### Task requirements:
The answer should match the entries below word for word, minus their pictures.

### Records drawn from a dataset:

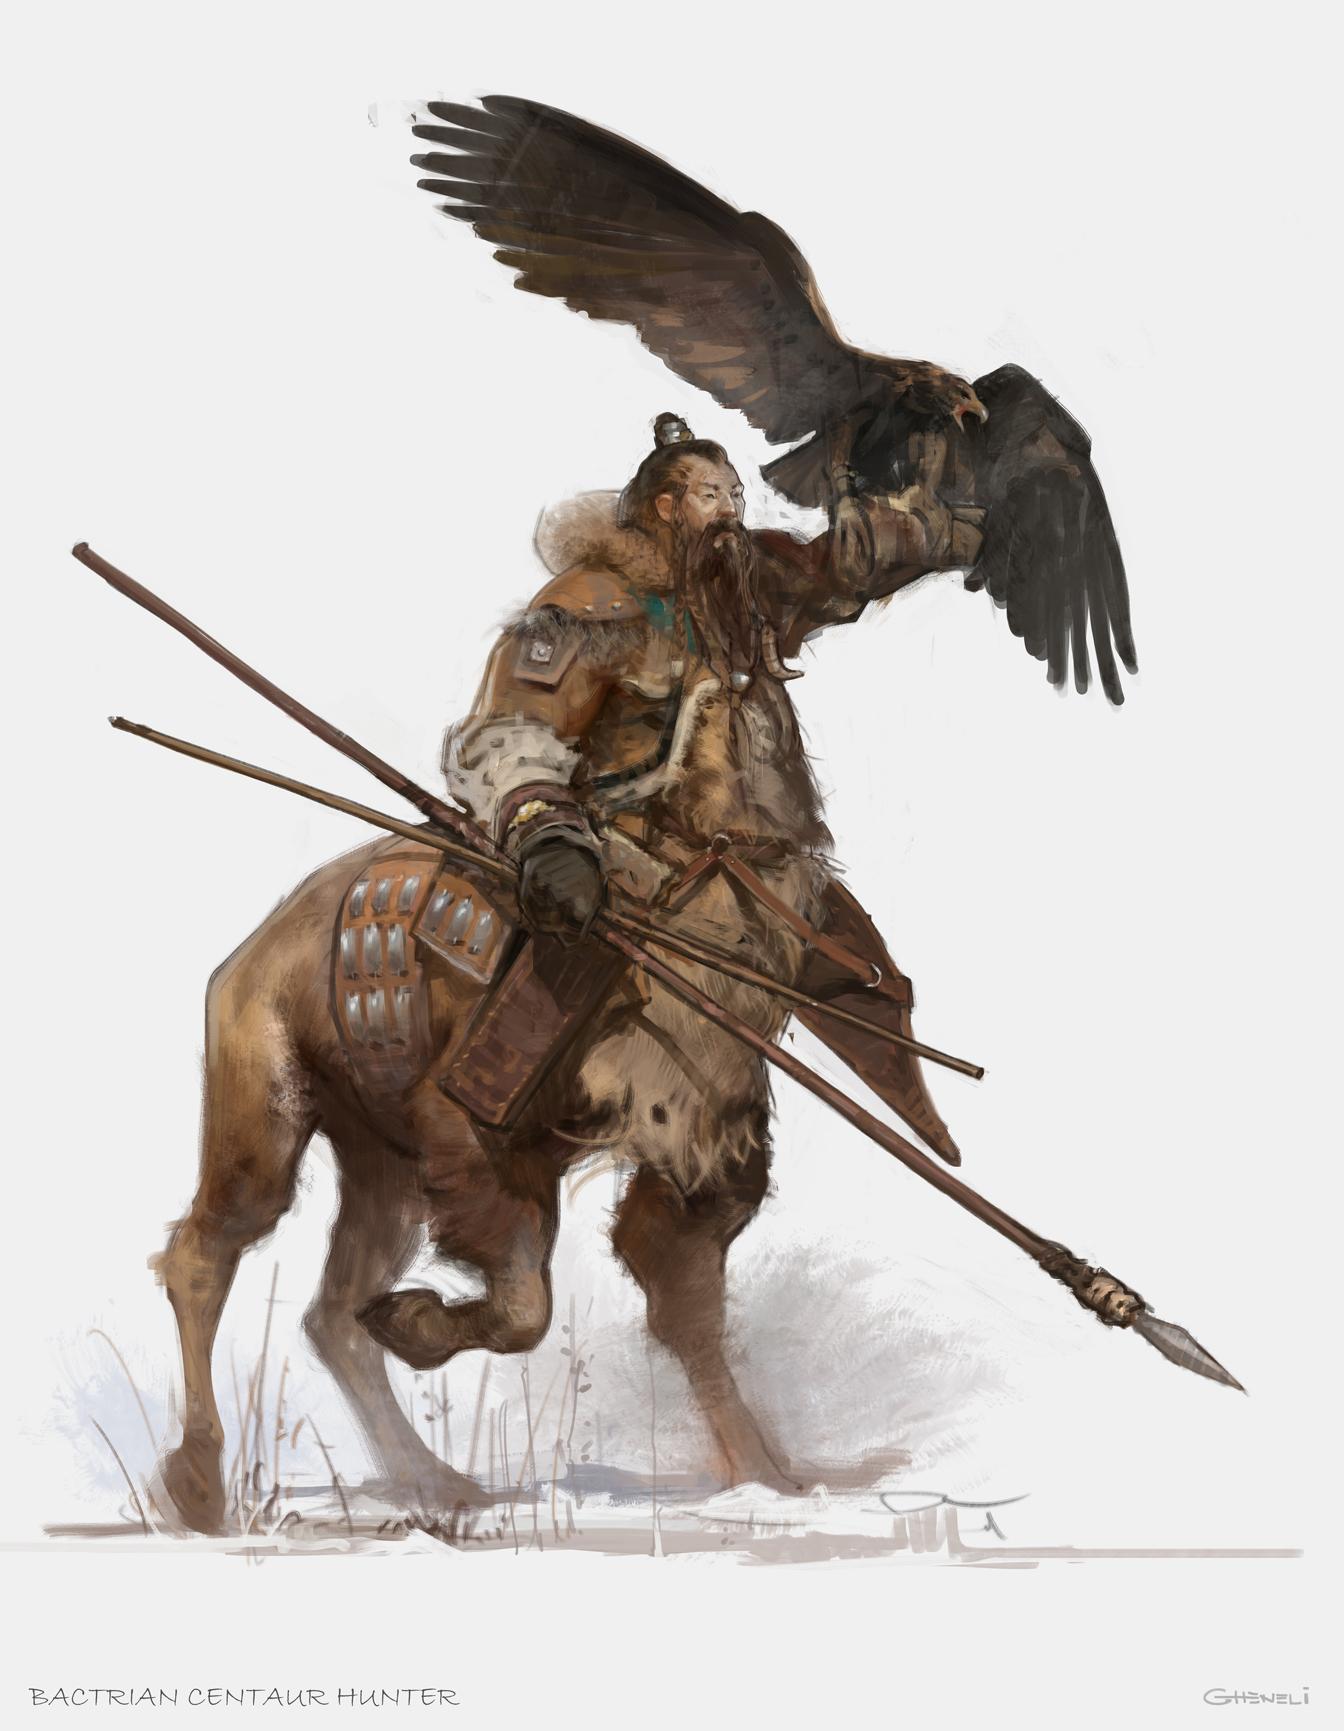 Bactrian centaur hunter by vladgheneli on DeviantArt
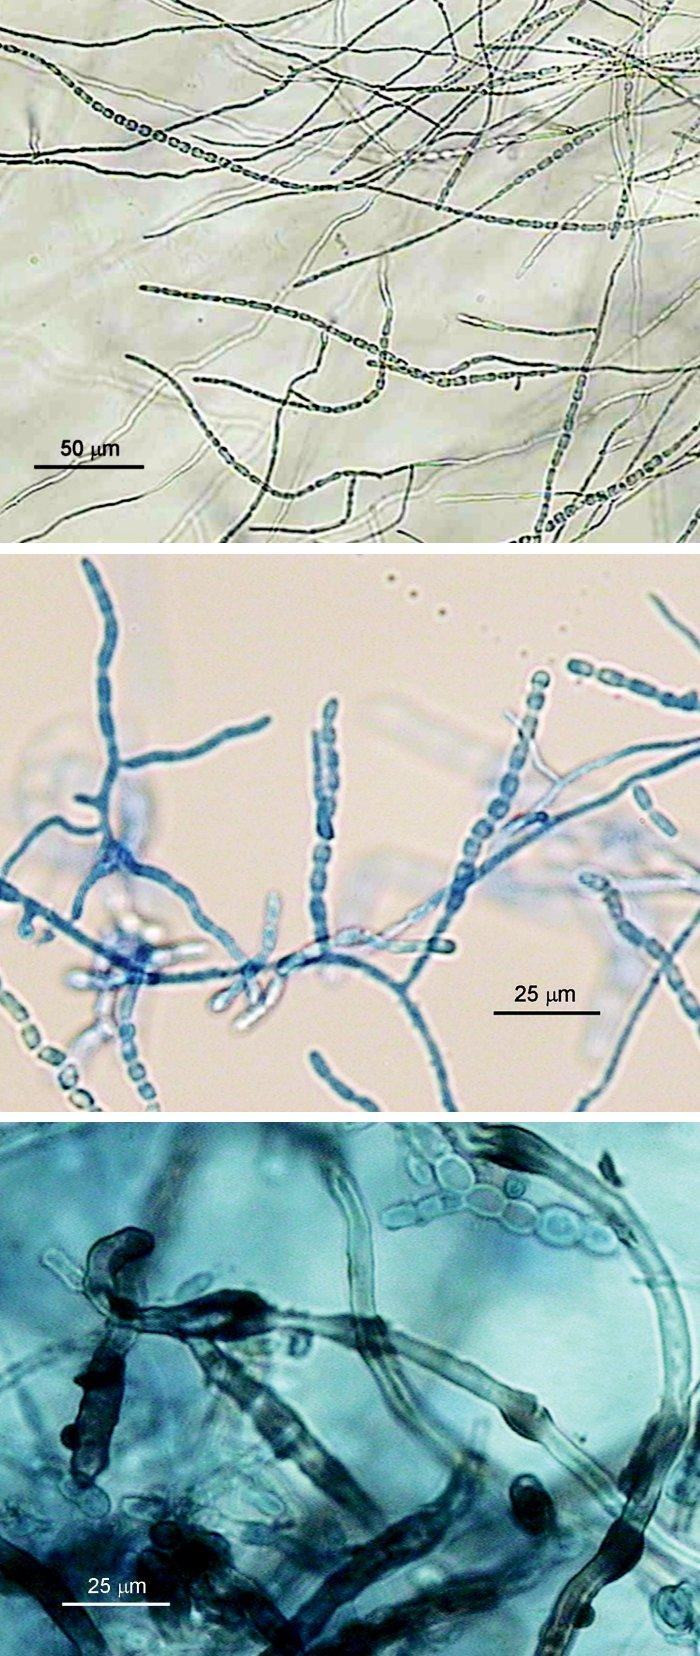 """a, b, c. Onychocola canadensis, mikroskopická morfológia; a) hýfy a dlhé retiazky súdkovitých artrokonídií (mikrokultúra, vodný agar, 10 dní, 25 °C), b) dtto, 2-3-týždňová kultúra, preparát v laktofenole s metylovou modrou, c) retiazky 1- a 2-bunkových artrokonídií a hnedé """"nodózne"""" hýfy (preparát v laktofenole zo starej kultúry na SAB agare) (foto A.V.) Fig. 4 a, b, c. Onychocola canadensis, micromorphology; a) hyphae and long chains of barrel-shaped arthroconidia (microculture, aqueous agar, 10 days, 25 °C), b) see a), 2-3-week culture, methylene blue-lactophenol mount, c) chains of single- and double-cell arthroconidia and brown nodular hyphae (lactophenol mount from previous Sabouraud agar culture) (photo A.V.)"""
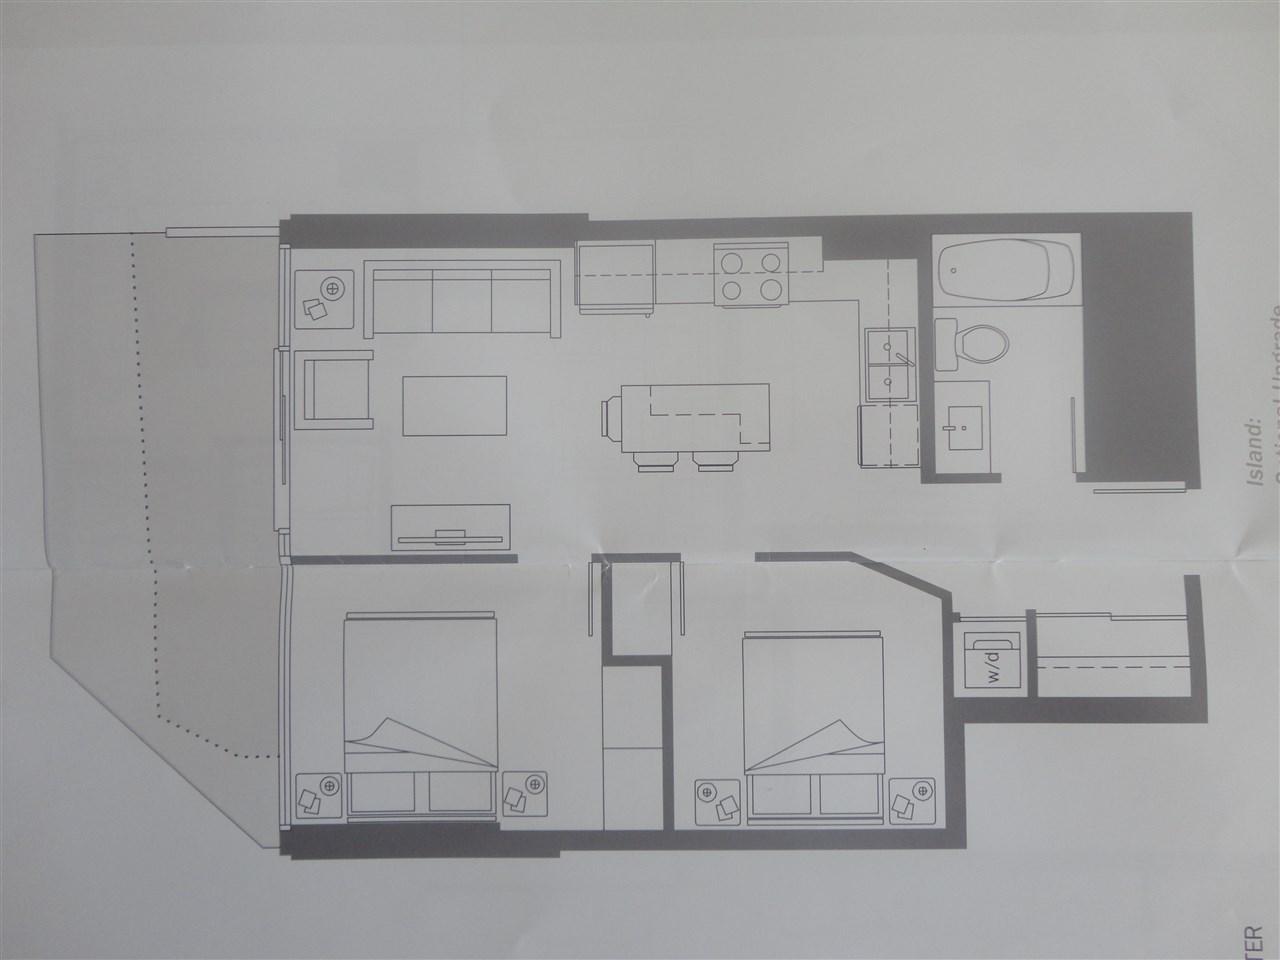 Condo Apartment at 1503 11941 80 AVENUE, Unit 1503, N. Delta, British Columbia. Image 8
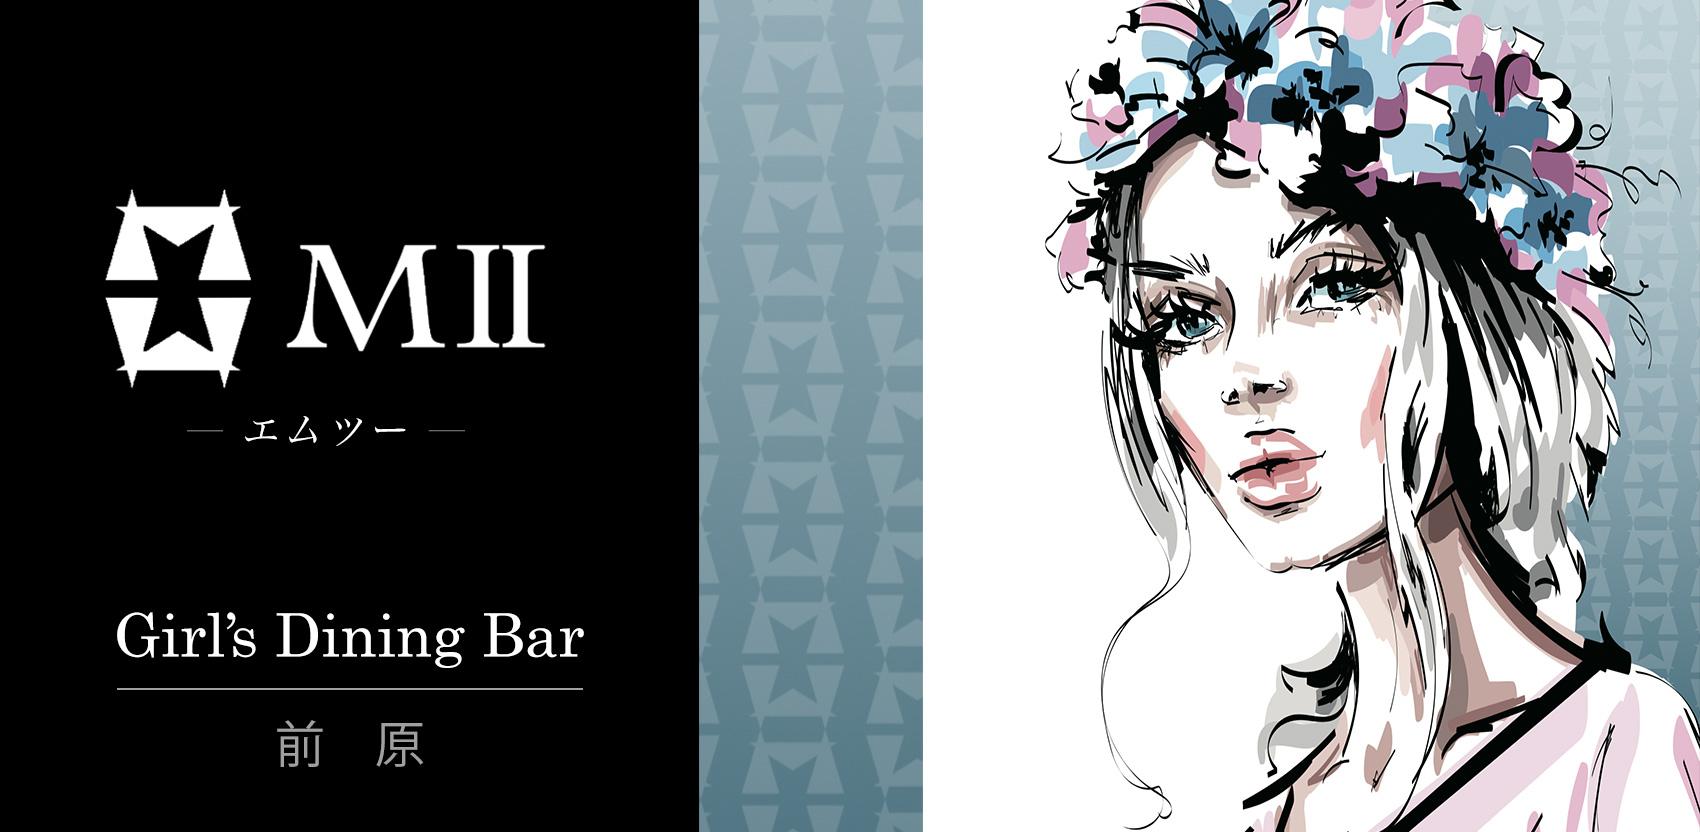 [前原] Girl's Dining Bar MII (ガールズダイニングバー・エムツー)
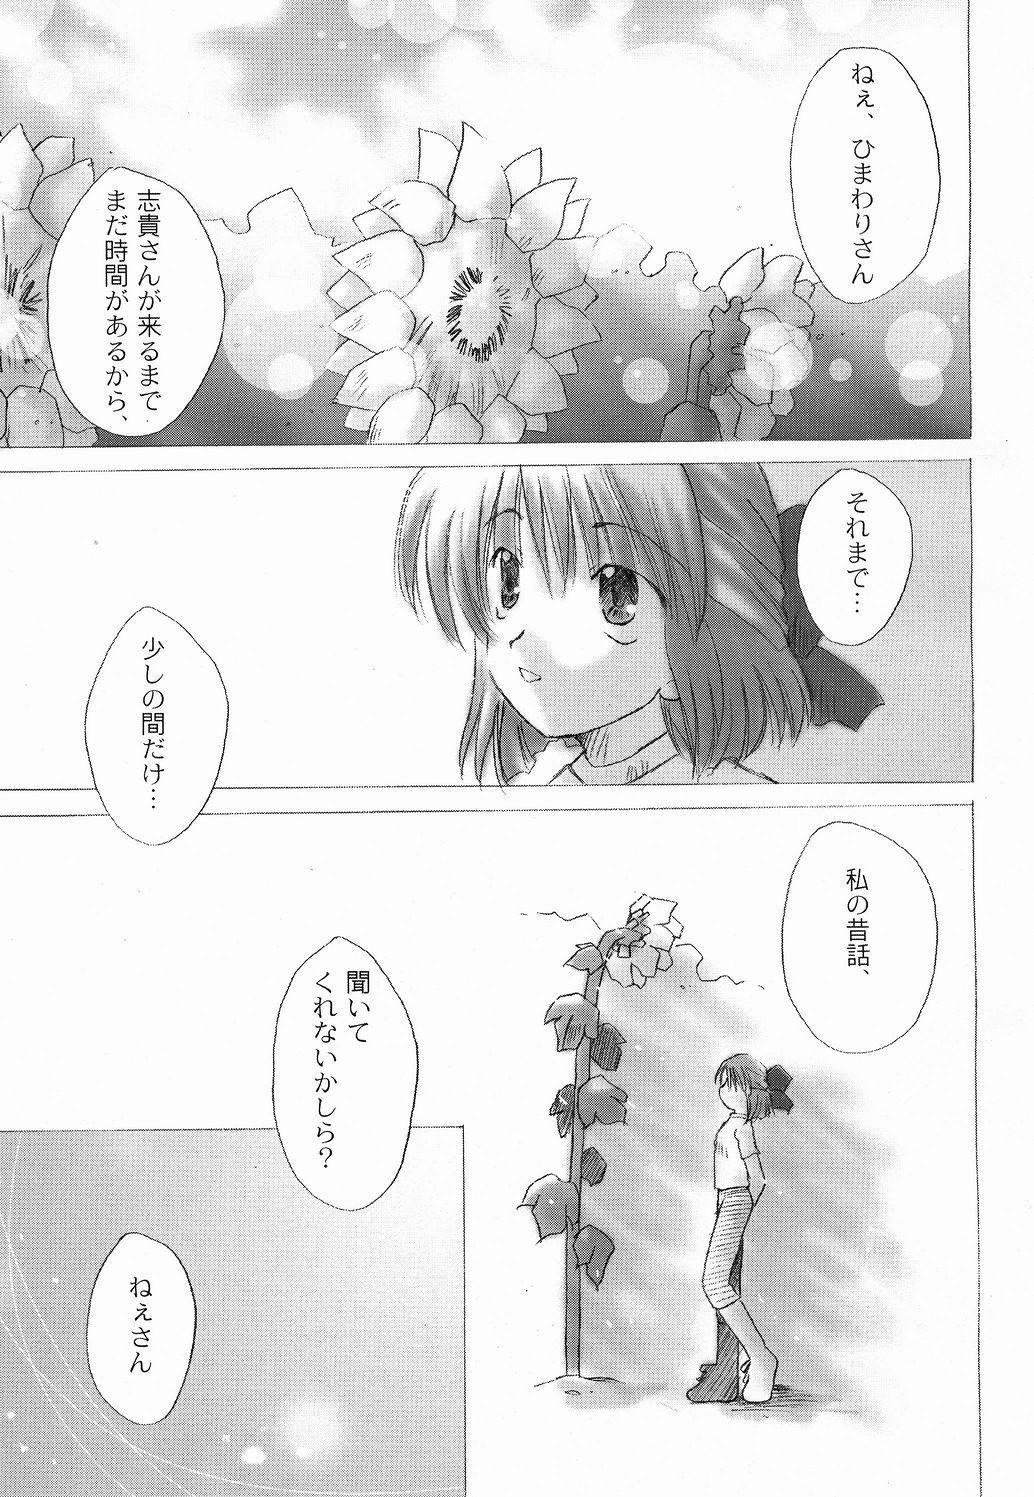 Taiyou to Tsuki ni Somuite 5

### Answer area:
 Bactrian centaur hunter by vladgheneli on DeviantArt
 """a, b, c. Onychocola canadensis, mikroskopická morfológia; a) hýfy a dlhé retiazky súdkovitých artrokonídií (mikrokultúra, vodný agar, 10 dní, 25 °C), b) dtto, 2-3-týždňová kultúra, preparát v laktofenole s metylovou modrou, c) retiazky 1- a 2-bunkových artrokonídií a hnedé """"nodózne"""" hýfy (preparát v laktofenole zo starej kultúry na SAB agare) (foto A.V.) Fig. 4 a, b, c. Onychocola canadensis, micromorphology; a) hyphae and long chains of barrel-shaped arthroconidia (microculture, aqueous agar, 10 days, 25 °C), b) see a), 2-3-week culture, methylene blue-lactophenol mount, c) chains of single- and double-cell arthroconidia and brown nodular hyphae (lactophenol mount from previous Sabouraud agar culture) (photo A.V.)"""
 Condo Apartment at 1503 11941 80 AVENUE, Unit 1503, N. Delta, British Columbia. Image 8
 [前原] Girl's Dining Bar MII (ガールズダイニングバー・エムツー)
 Taiyou to Tsuki ni Somuite 5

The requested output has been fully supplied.